As Nicki said at the end:

“The Patient Story is the start of the process, not the end…..”

Devon Care Home Teams Annual Conference….

Together Towards Tomorrow……

I’m  glad I ventured into this unfamiliar world, not only because I was talking to new people but also because I learnt so much. A very long blog but as you’ll see an awful lot of stuff you may be unfamiliar with…….

So my busy week continued on World Alzheimers Day on Friday with a conference I’d never attended before – a Care Home Conference. However, I don’t make things easy for myself and this one was at the other end of the country in Barnstaple Devon.

Anyway I’d made my way down from the Birmingham conference to Barnstaple via WALES, which I wasn’t expecting 😳…….but the fact that every other passenger was looking worried was a comfort and, once again, I had my lovely Twitter friends reassuring me it was due to work on the tracks.

I finally arrived many hours later to a dark very wet Barnstaple but Becky was there to drive to my next hotel for the night. Someone showed me to my room and I was met by a lovely surprise…..Becky had already reccied my room and left me a box of `Yorkshire tea, Devon scones and post it notes!! Not only that but she’d covered my black TV screen with a red pillow case…….thoughtful beyond belief…..😍

After breakfast the next morning, Becky arrived to pick me up along with Sharon, who was also a speaker, along with a huge teddy donated for the raffle – I didn’t dare buy a ticket in case I won him and had to get him home too!

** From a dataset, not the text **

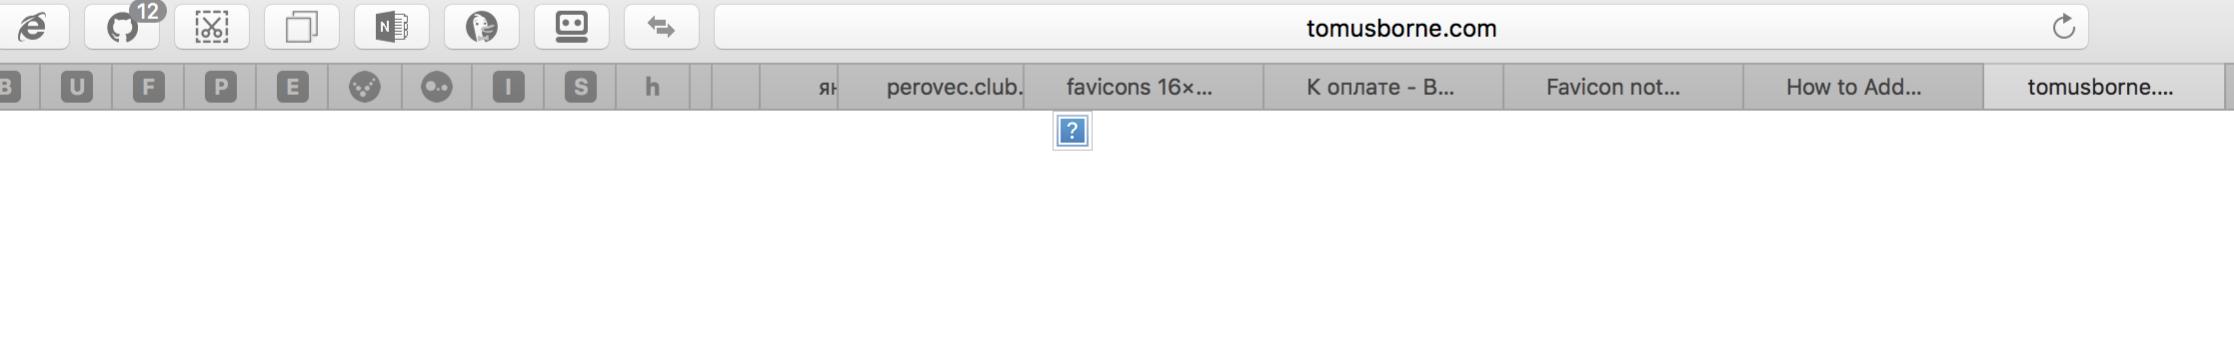 favicon with errors

I was up first and spoke for 45 minutes including this:

“I wonder how many of you always sleep on the same side of the bed? Most people do. But when you’re in hospital, or you’re moved into a Care Home people are often helped into bed at whichever side is convenient for the nurse – imagine how confusing that can be for someone with dementia.”

They were so warm in their applause, appreciation and comments afterwards. One couple where the husband lives with dementia, said that through my talk she’d found ways to overcome the frustrations for her husband. We chatted for ages over a cuppa which was wonderful. Always nice to meet new playmates.

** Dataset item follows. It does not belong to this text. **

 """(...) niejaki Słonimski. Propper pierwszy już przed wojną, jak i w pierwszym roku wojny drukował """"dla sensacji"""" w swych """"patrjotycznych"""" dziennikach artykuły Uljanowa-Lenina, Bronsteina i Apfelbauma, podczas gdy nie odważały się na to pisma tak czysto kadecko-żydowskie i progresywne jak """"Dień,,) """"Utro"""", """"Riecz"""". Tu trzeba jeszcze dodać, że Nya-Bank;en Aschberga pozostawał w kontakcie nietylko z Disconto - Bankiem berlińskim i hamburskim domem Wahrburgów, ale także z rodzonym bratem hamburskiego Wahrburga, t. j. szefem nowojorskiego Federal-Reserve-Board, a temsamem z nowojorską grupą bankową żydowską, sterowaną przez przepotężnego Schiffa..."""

After me was Sexual Intimacy in Care Home by Dawne Garret from the Royal College of nursing.

Sex is a subject healthcare professionals in care home have problem discussing. Dawne said, older people are sometimes just waiting for you to ask – for example, the side effects of some medication might affect the ability to have sex but is so often not highlighted.

A sexual experience doesn’t have to mean the physical act. When older people were asked for their meaning of sex, the answers given by older people were ‘Being close, cuddling, kissing, music and dancing. The courtship of older people, often the most unchaperoned relationship you had with a potential partner would be around dancing, so for many people, music and dancing are something sexual.
This will disappear with the next generation as that wasn’t part of their life. So interesting and rarely highlighted.

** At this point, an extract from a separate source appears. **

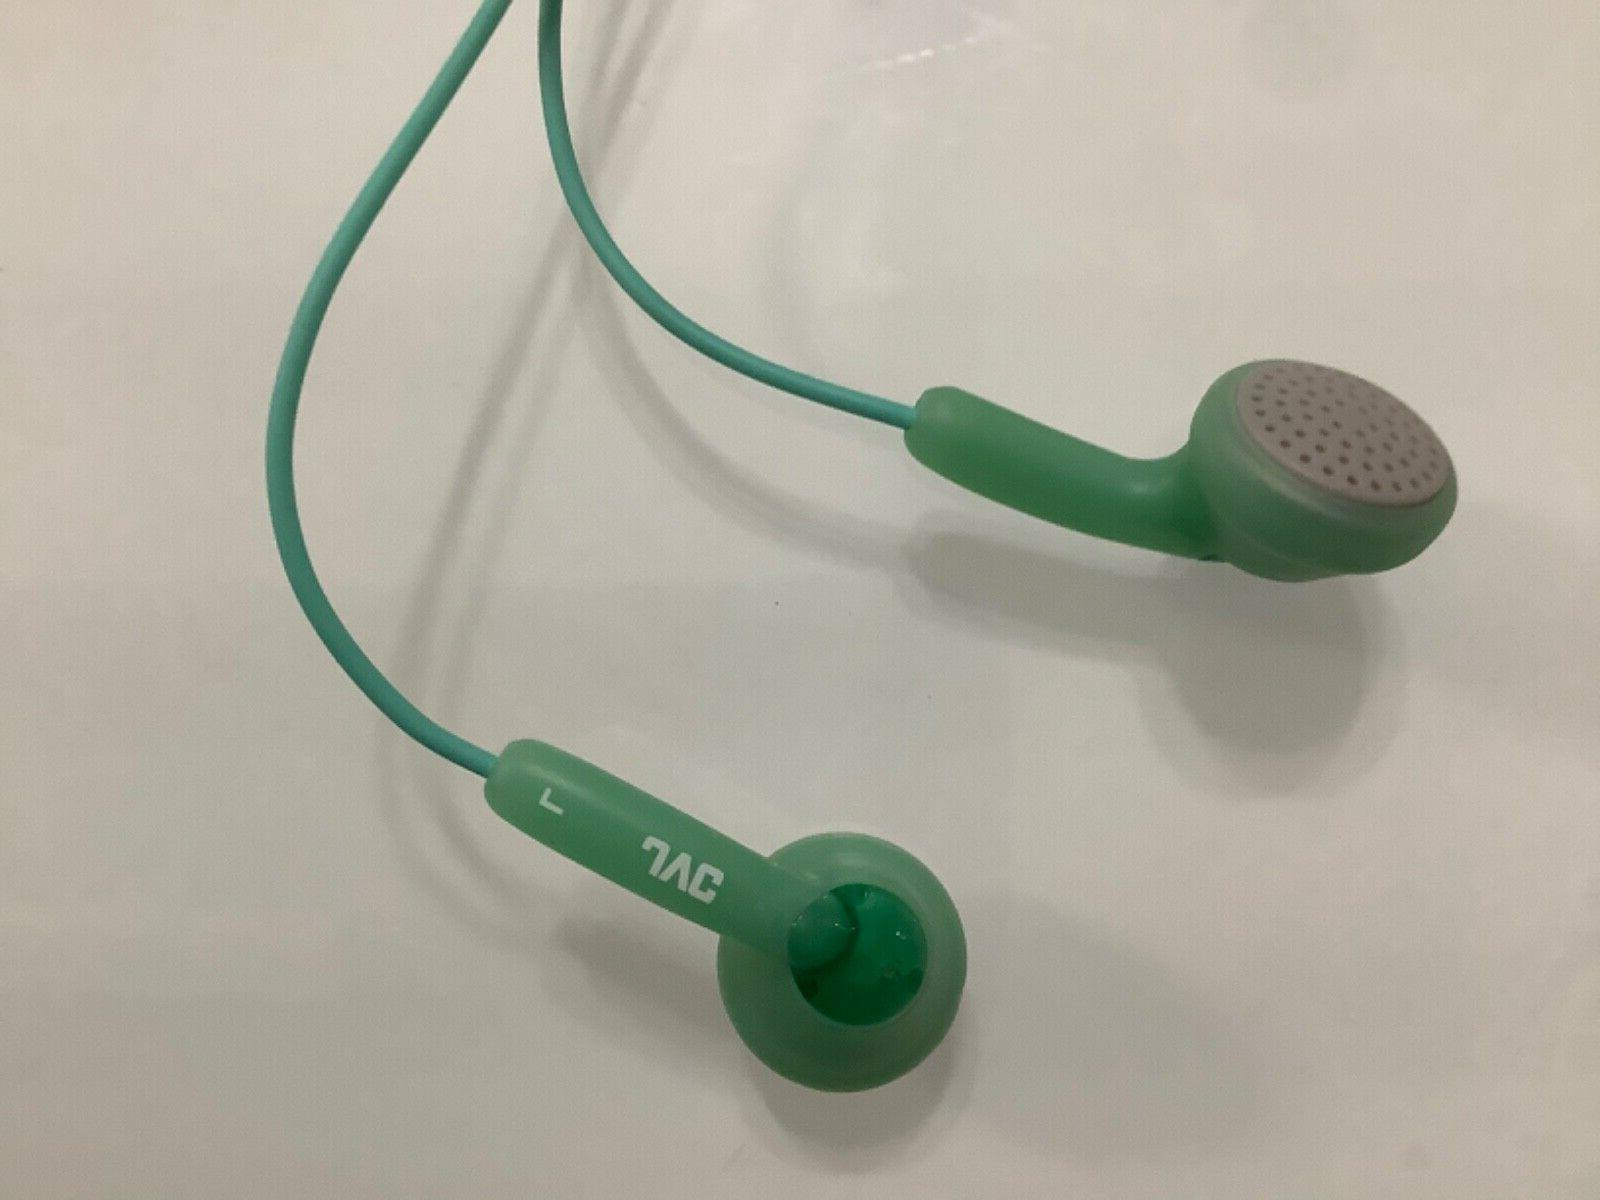 Genuine Gumy In-Ear Headphones Earbuds

She asked the audience to raise a hand if their residents were able to share a bed with their partners and I couldn’t see any raised hands……..Dawne said this was very common…….☹️

She gave a case study of 2 residents who had begun a sexual relationship and they both consented to this. But the male says the staff must under no circumstances tell his wife who visits him every week.

She asked what questions they should be asking……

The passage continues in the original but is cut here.